Bargaining notice timeframes for enterprise agreements aren't just for show

by Jessica Keogh, Ebony Creek

Employers entering negotiations for a new enterprise agreement must provide a notice of employee representation to employees within 14 days of the notification time.

Making an enterprise agreement can be a drawn-out process, as you and your workforce attempt to create a legal framework that works for both of you. With all of the detail you must discuss, it could be easy to lose sight of the technical requirements in the Fair Work Act (2009) (Cth). Unfortunately, as one employer recently discovered, these requirements are non-negotiable.
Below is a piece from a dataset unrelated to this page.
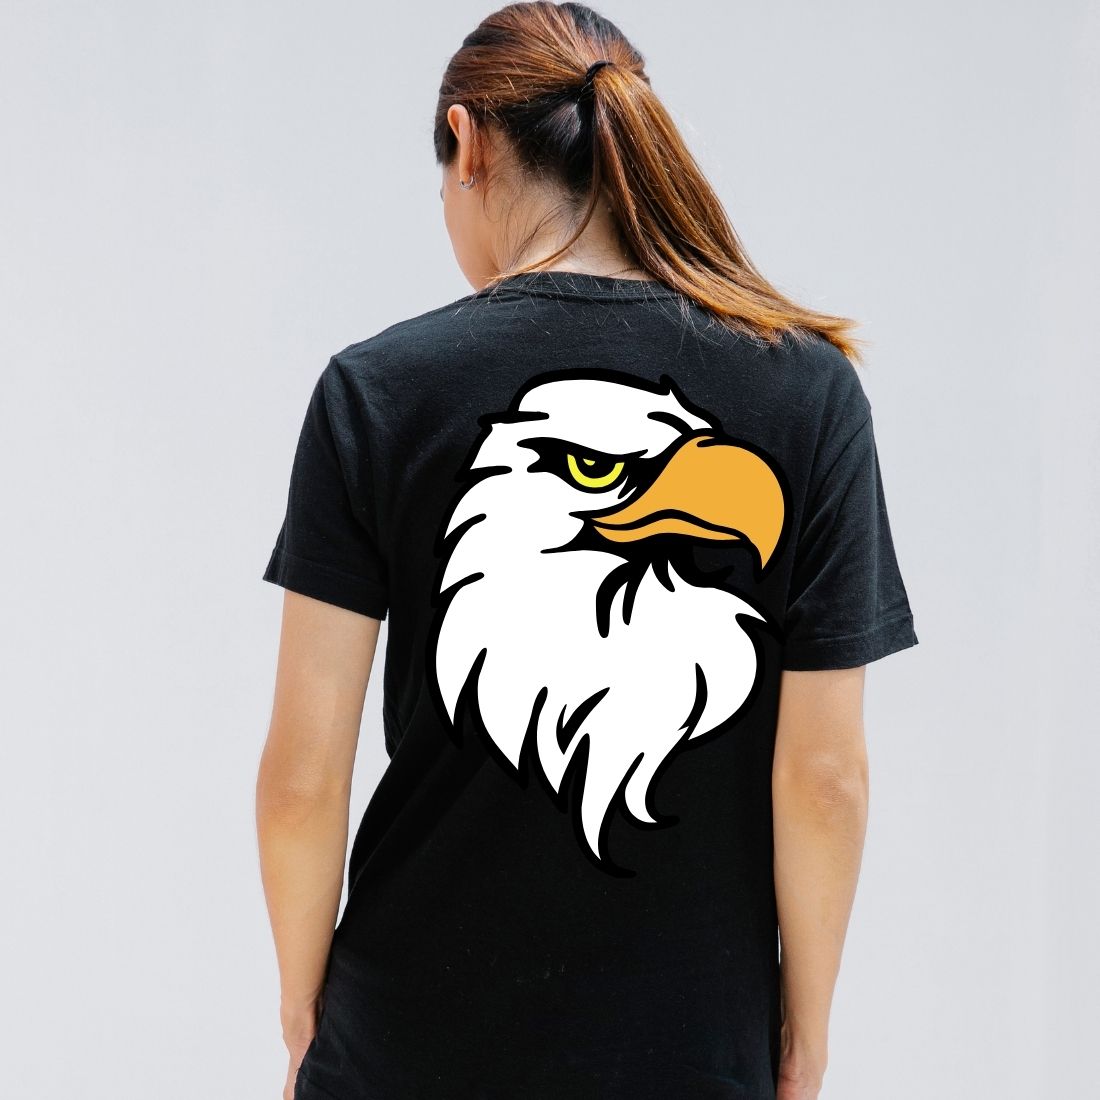 Eagle Face T-shirt Design Vector cover image.

In Uniline Australia Limited [2016] FWC 2973, an application for the approval of an enterprise agreement was rejected by the Fair Work Commission following Uniline's failure to provide its employees with a notice of employee representation within the requisite 14 days of initiating the bargaining process ‒ and throwing away over two years' worth of negotiation.

Notice to be represented

Section 173 of the Fair Work Act (2009) (Cth) requires an employer to issue a notice to each employee who would be covered by the enterprise agreement, as soon as practicable, and no later than 14 days after bargaining has commenced for an enterprise agreement.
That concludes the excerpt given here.